According to page 11 of https://images.nvidia.com/aem-dam/Solutions/geforce/ada/nvidia-ada-gpu-architecture.pdf, there are four partitions in each SM. My understanding is that each partition is mapped to one warp at a time, so there can be four concurrent warps at the same time. Is it possible to program in CUDA to specify different behavior for the warp from a specific partition? For example, I want all and only threads from the first partition to load data from global and cache in L1 (using ca modifier) while threads from other partitions to not update L1 (using lu modifier). How can I achieve this?

Thanks

No, there is no way to direct operations at this level. Greg’s SM overview gives a good explanation of operation - warps can change on a cycle by cycle basis.

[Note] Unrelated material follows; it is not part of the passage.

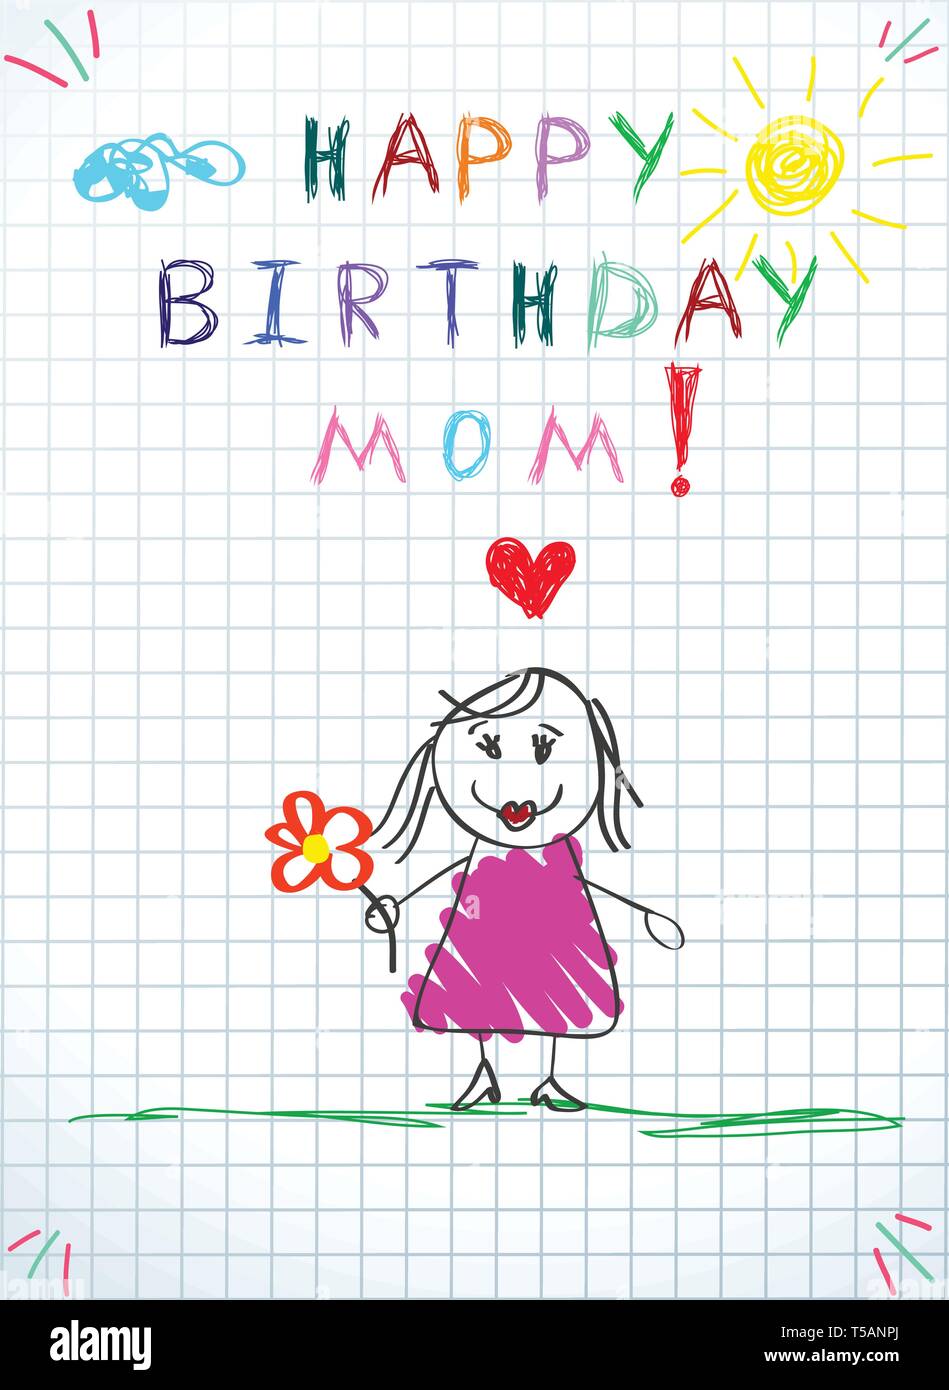 Happy Birthday Mom Greeting Card Baby Drawing Illustration With

To what end would you choose to specialize work on a partition?

I ask as specialization per SM sub-partition (SMSP in profiler terms) will almost always results in lower throughput. Warp specialization as used by cutlass library specializes the work done by specific warps in a thread block with ultimate goal to have equal specialized work on each SM sub-partition. This allows the fewest number of warps to use the most resources while optimizing throughput, reducing communication overhead, and increasing determinism.

You can try to detect the SM partition and then call a different function at the top-level of your kernel.
(I think with most GPUs it is (warpid % 4)?
https://docs.nvidia.com/cuda/parallel-thread-execution/#special-registers-warpid

Each warp on the SM is assigned to one of the 4 partitions. And the scheduler of each partition selects one available warp of the assigned ones.

Thank you for the reply and good information. I don’t have any real use case. I was just studying the document I linked and tried to create some tests for better understanding of the architecture.

Thank you! This overview is very helpful.